The aim of ChemPSy (Chemical Prioritization System) is to develop an innovative approach based on several bioinformatics and biostatistics methodologies to analyze and integrate massive toxicogenomics datasets.
Specific objectives include: (1) classification of chemicals based on transcriptional signatures, e.g. the set of genes whose expression is known to be positively or negatively altered after an exposure to these compounds; (2) the association of classes with human pathologies or deleterious phenotypes, e.g. classes containing toxicants with well-known effects; (3) the prediction of novel reprotoxicants and/or endocrine disruptors based on transcriptional signature similarities with known chemicals affecting testis development and function.
##Data format
Each dataset is organizing according to the following:
+-- [Species]
+-- [Tissue]
+--GSEXXX
+--Experimental_conditions
¦ +--Condition 1
¦ +--Condition 2
+--Individual_experiments
¦ +--GSMXXXX.CEL.gz
¦ +--GSMXXXX.CEL.gz
+--GSEXXX.txt
[Species]: Binomial nomenclature for selected species (e.g. Homo sapiens for Human)

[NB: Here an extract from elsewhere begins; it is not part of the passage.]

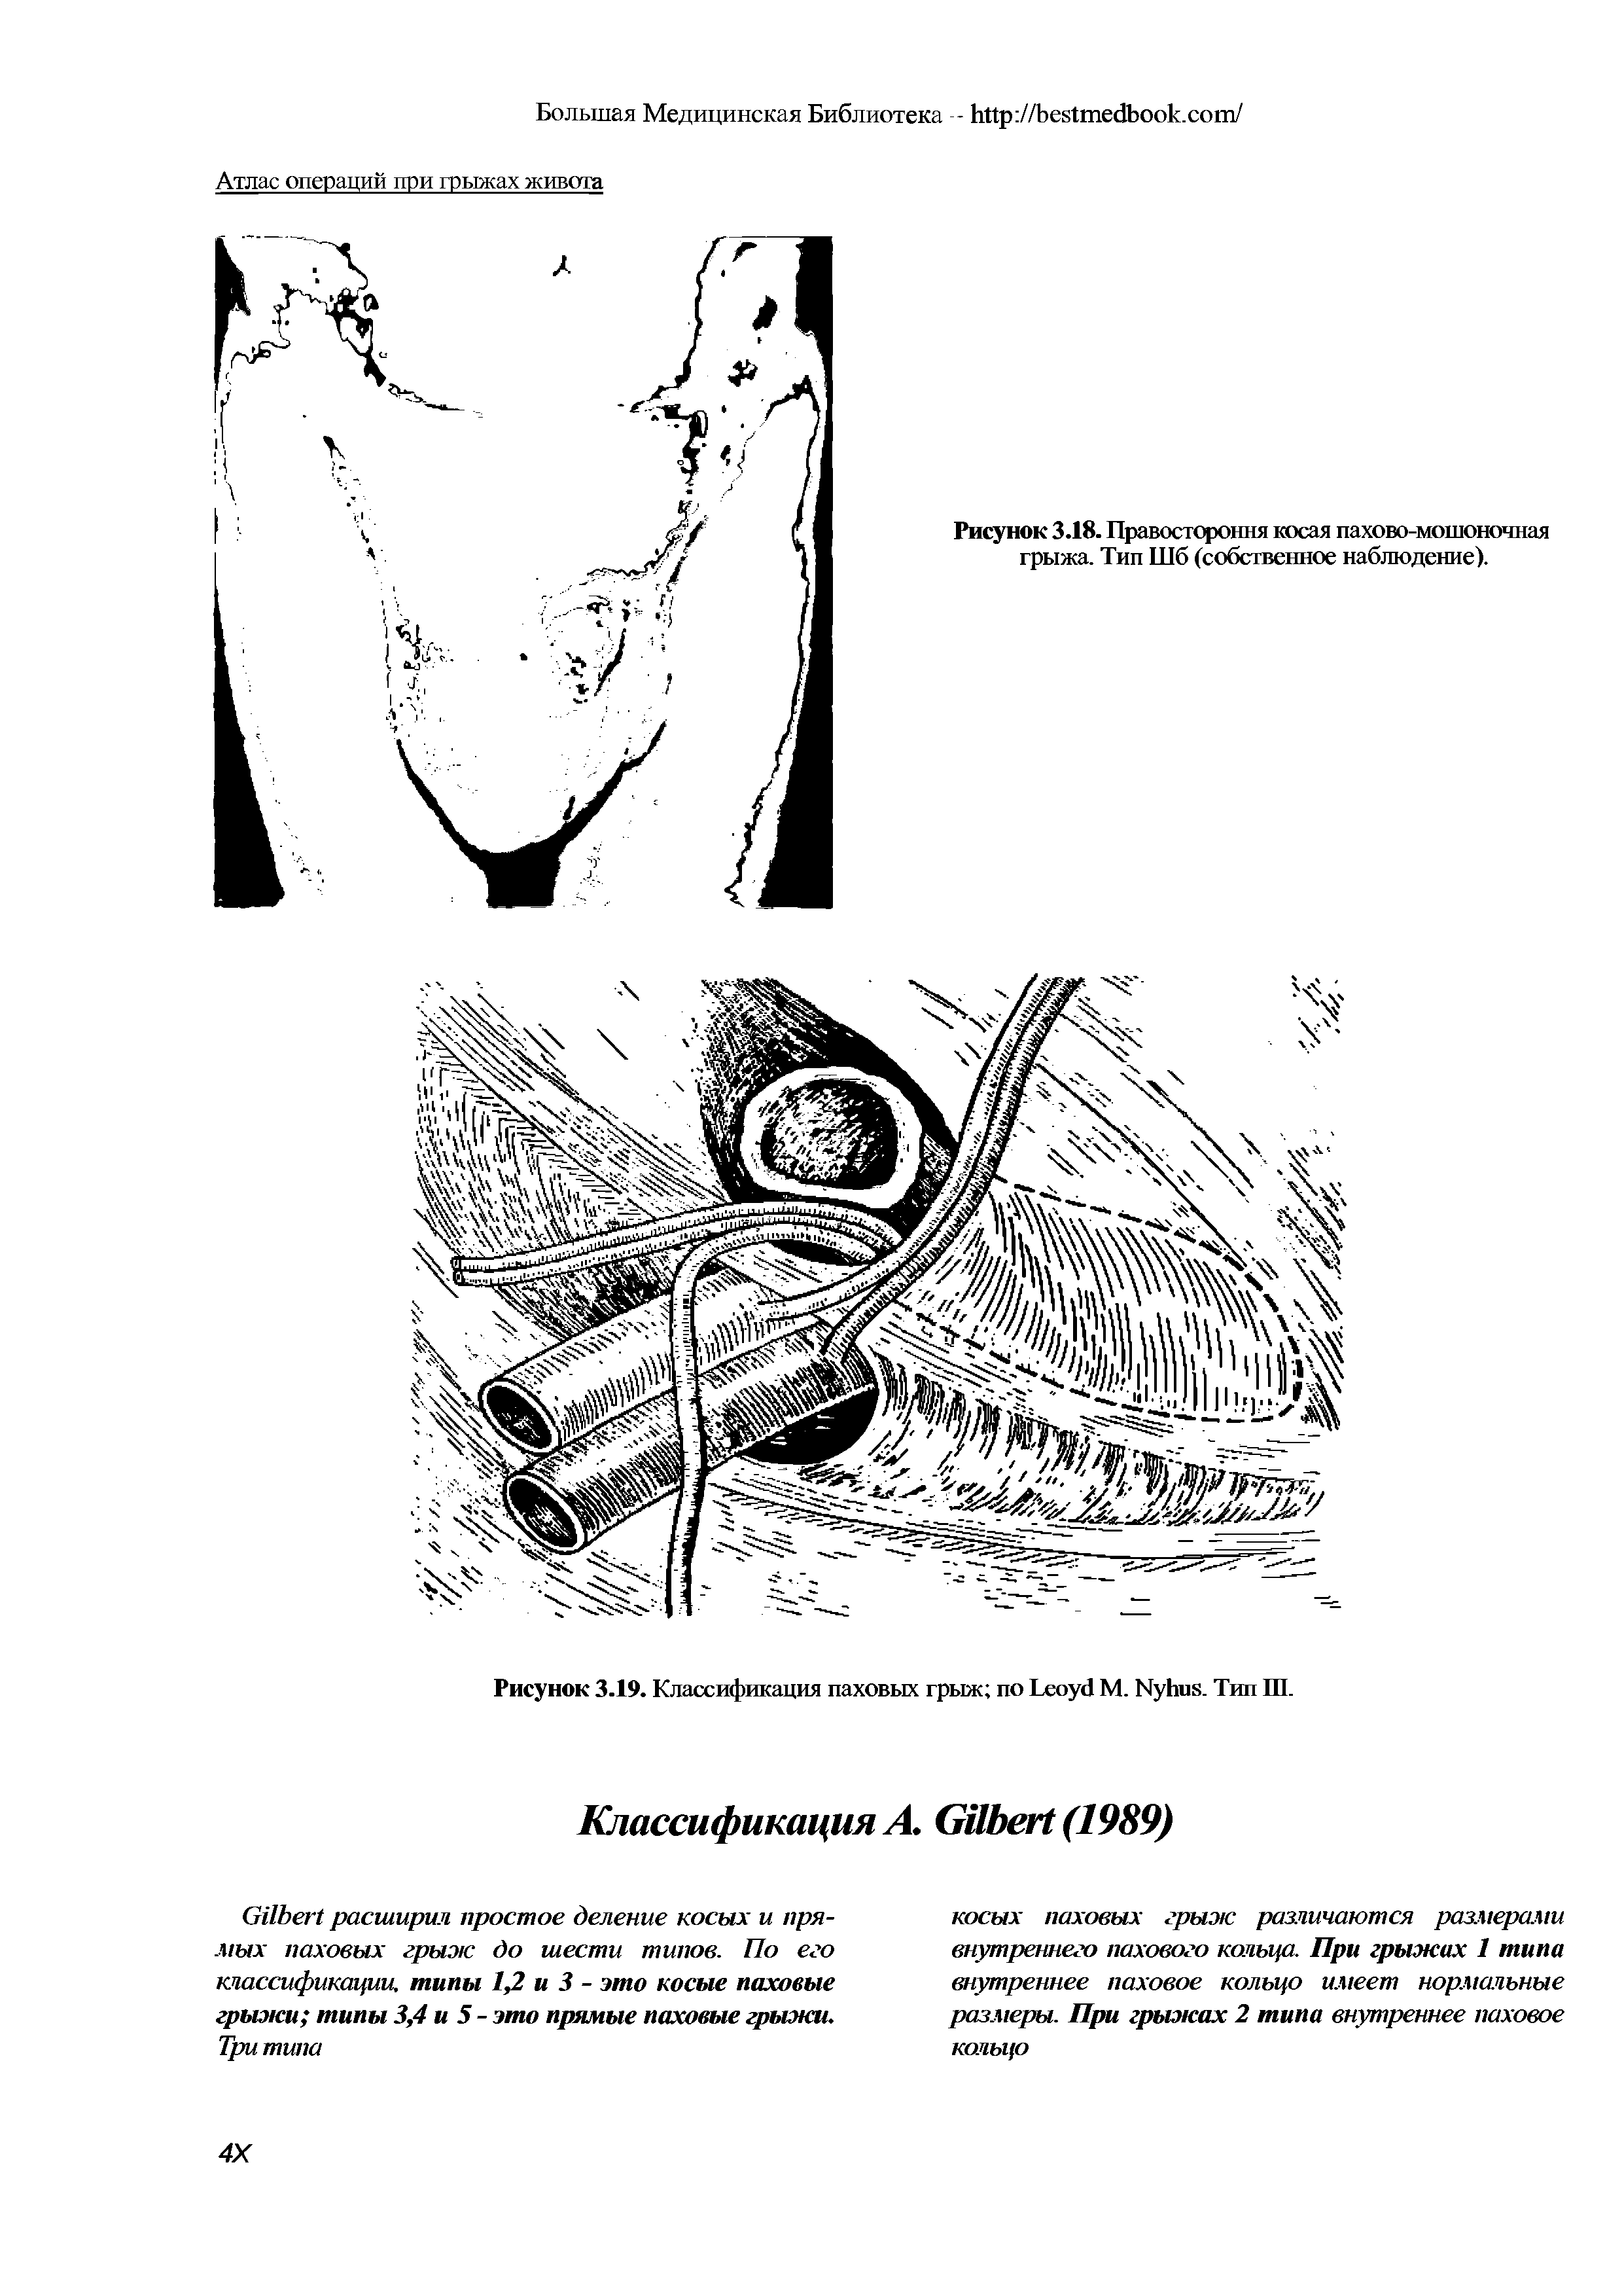 Рисунок 3.19. Классификация паховых грыж по L М. N . Тип Ш.

[Tissue]: Tested tissue in upper case (e.g. LIVER, KIDNEY or MCF-7, HK-2…)
###Step 1 - Describe your dataset
To describe your dataset please use tabulate .txt file with the following fields (Keep the order):
Fields | Description |
---|---|
Files | CEL file full name (GSM1223.CEL.gz) |
Species | Binomial nomenclature of species where the results come from |
Strain | Species strain (e.g. Sprague-Dawley). Can be not specified * |
Gender | Animal gender(male/female). Can be not specified * |
Experiment | Experiment (E.G. in vitro, in vivo, …). Can be not specified * |
Tissues/Cells | Tissue or cell name where the experiment is performed |
Age | Animal age. Can be not specified * |
Generation | Animal generation (for trans-generational studies). If not specified, please put ‘F0’. |
ChemicalName | Chemical usual / synonym name (only one name) |
CAS | Chemical CAS number |
MESH | Chemical MESH ID |
Dose | Chemical exposition dose |
Duration | Chemical exposition duration |
Route | Chemical route. Can be not specified * |
Vehicule | Chemical vehicle. Can be not specified * |
PMID | Associated publication PubMed ID. Can be not specified * |
GSE | GEO dataset ID |
GSM | GEO profile ID |
GPL | GPL use. Can be not specified * |
Corresponding dataset author mail. Can be not specified * | |
Paired | Paired data (Yes/No) |
Replicates | Replicate number |
Experiment type | Experimental type details (e.g. 'Expression profiling by array’). Can be not specified * |
Design | Experimental design. Can be not specified * |
Treatment protocol | Treatment protocol description. Can be not specified * |
Characteristics | Tissue/cells characteristics. Can be not specified * |
Extraction protocol | Extraction protocol description. Can be not specified * |
Link(s) | Cross-link(s) (e.g. GEO, database, personal website …). Can be not specified * |
Data processing | Data processing description. Can be not specified * |
Sample Treated | Treated or Control sample. Can be not specified |
Associated Ctrl | Associate a unique number to your control and list all control paired with your treated sample (e.g. control1 = 1, control2=2 …, treated_sample1 = 1,2 [this sample is paired with control 1 and 2]). |
Don’t leave empty fields: use ‘NA’ if your field is not specified
‘*’: This field is required for TOXsIgN integration
Each line need to correspond to one and unique sample
###Step 2 - Organize your data
In your GSEXXX directory, save your tabulate .txt file using the same name of your directory: GSEXXX.txt and create a new folder called: Individual_experiments.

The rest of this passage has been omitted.